Refractory sciatica is the most common form of pain syndrome in the lower back and legs. Sciatica has a well-earned reputation as a chronic and stubborn symptomatic expression and is known to be extremely difficult to cure. In fact, patients who experience symptoms that last longer than 6 months are more likely to endure a lifetime of suffering than truly make a 100% recovery.

Sciatica is not a condition or diagnosis in itself. It is a term reserved for a set of symptoms that generally include pain, tingling, weakness and/or numbness in the lower back, buttocks, legs and/or feet. Sciatica can be caused by a variety of mechanical, vascular, neurological, and psychosomatic sources, although the vast majority of affected patients are diagnosed with spinal causation of one kind or another.

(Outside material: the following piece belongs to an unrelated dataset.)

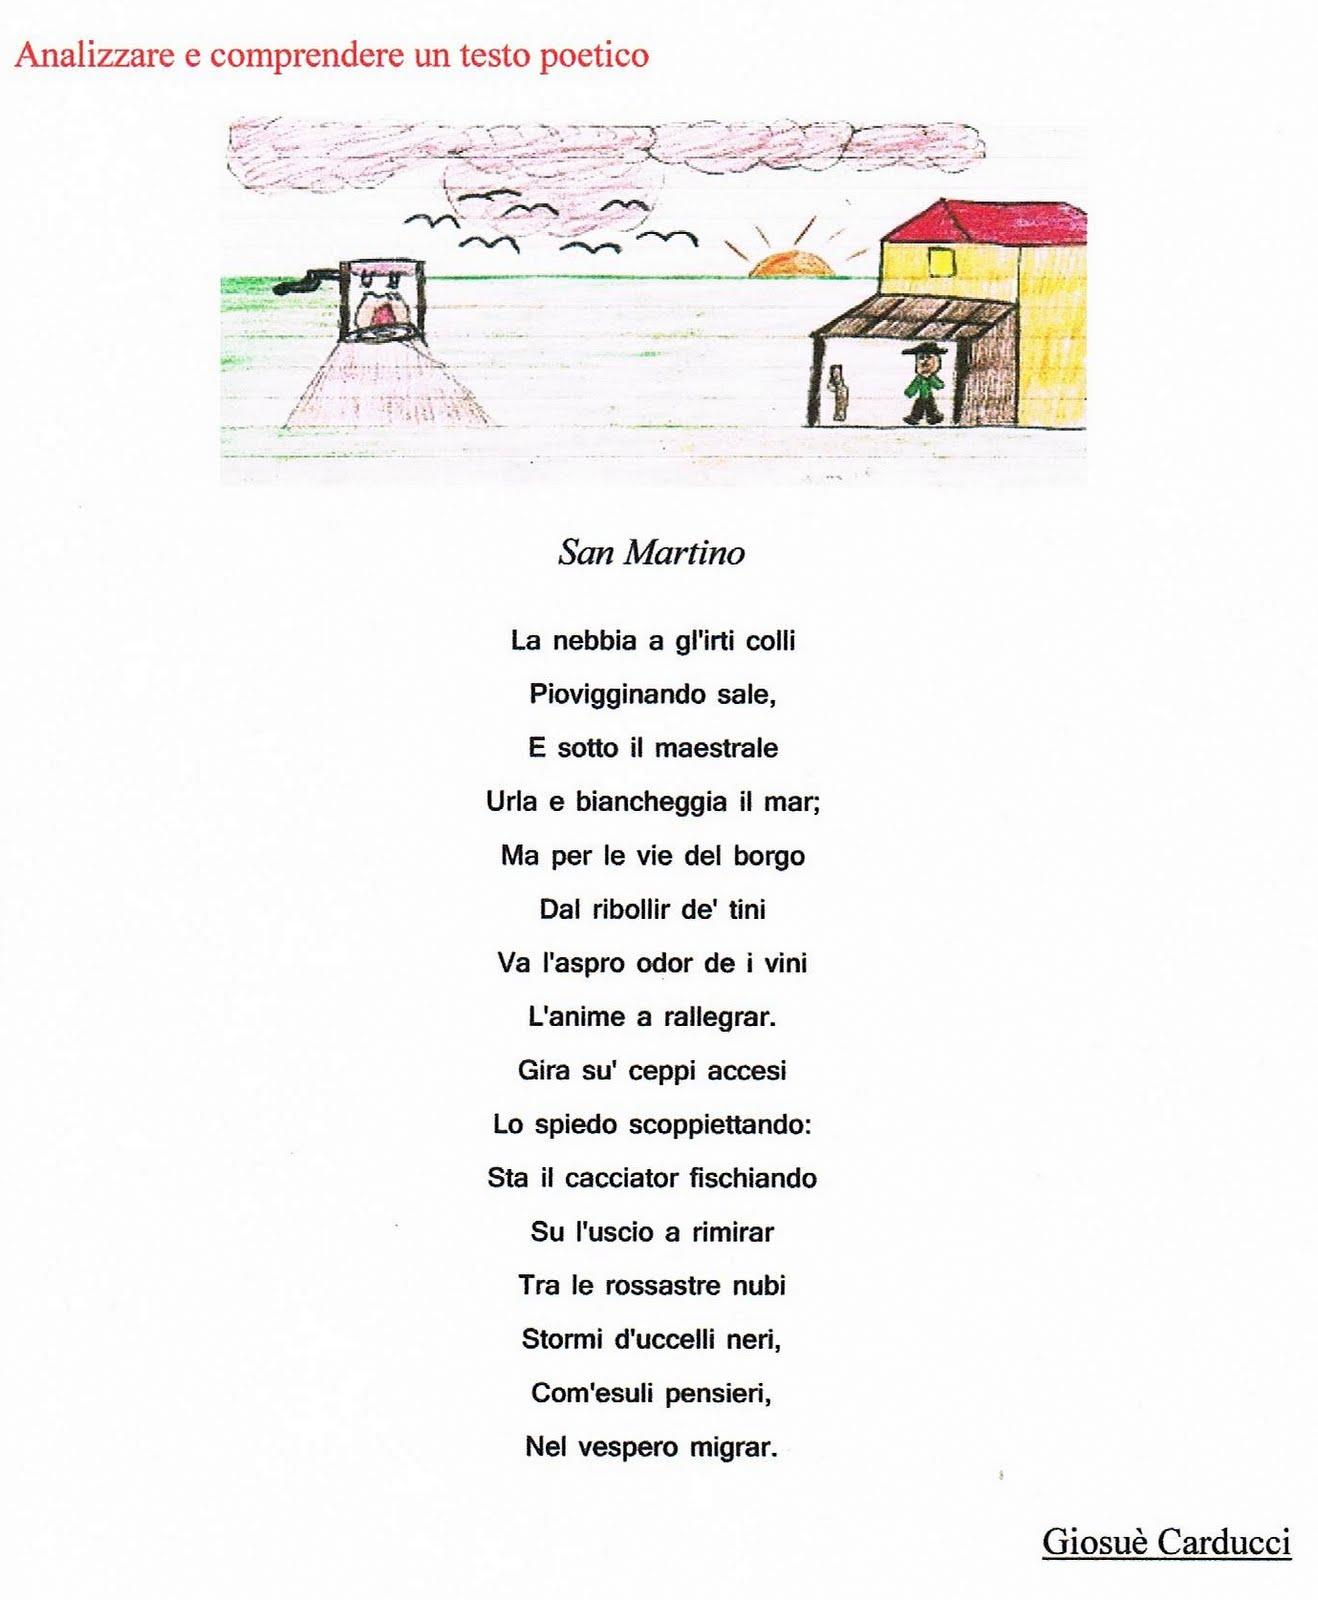 Analizzare e comprendere un testo poetico san martino for Immagini da colorare di san martino

Common spinal sources of diagnosed sciatica may include conditions such as: degenerative disc disease, herniated discs, osteoarthritic bone spurs, foraminal stenosis, spinal stenosis, spondylolisthesis, scoliosis, chemical radiculitis from ruptured disc, and extreme lumbar hyperlordosis. The most commonly diagnosed non-spinal structural sources of sciatica include piriformis syndrome and sacroiliac joint dysfunction. While it is true that virtually all of these conditions can cause sciatic nerve pain in the lower body, it is also a fact that these symptoms are rarely long-lasting and will almost always respond well to appropriate treatment modalities.

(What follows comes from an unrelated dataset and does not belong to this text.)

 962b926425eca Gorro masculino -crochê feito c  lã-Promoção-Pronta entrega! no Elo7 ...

If sciatica caused by a structural source is generally not a chronic concern and usually resolves with the right therapy, why do most patients never recover from their pain? This is an old question that has plagued sciatica patients and care providers for generations. The answer to this question is becoming clearer as new research points to the epidemic incidence of ischemia as the logical cause of most sciatica and general radicular pain syndromes. Ischemia is also known as oxygen deprivation back pain and can be due to a variety of anatomic causes, often associated with poor cardiac or vascular function. However, the vast majority of ischemic pain syndromes are the direct result of a psychogenically or psychosomatically perpetuated pain imperative enacted by the subconscious mind as a defense mechanism against repressed, suppressed, and completely unconscious expressions of anger, fear, insecurity. , low self-esteem, guilt, regret and other negative and highly sensitive emotional issues.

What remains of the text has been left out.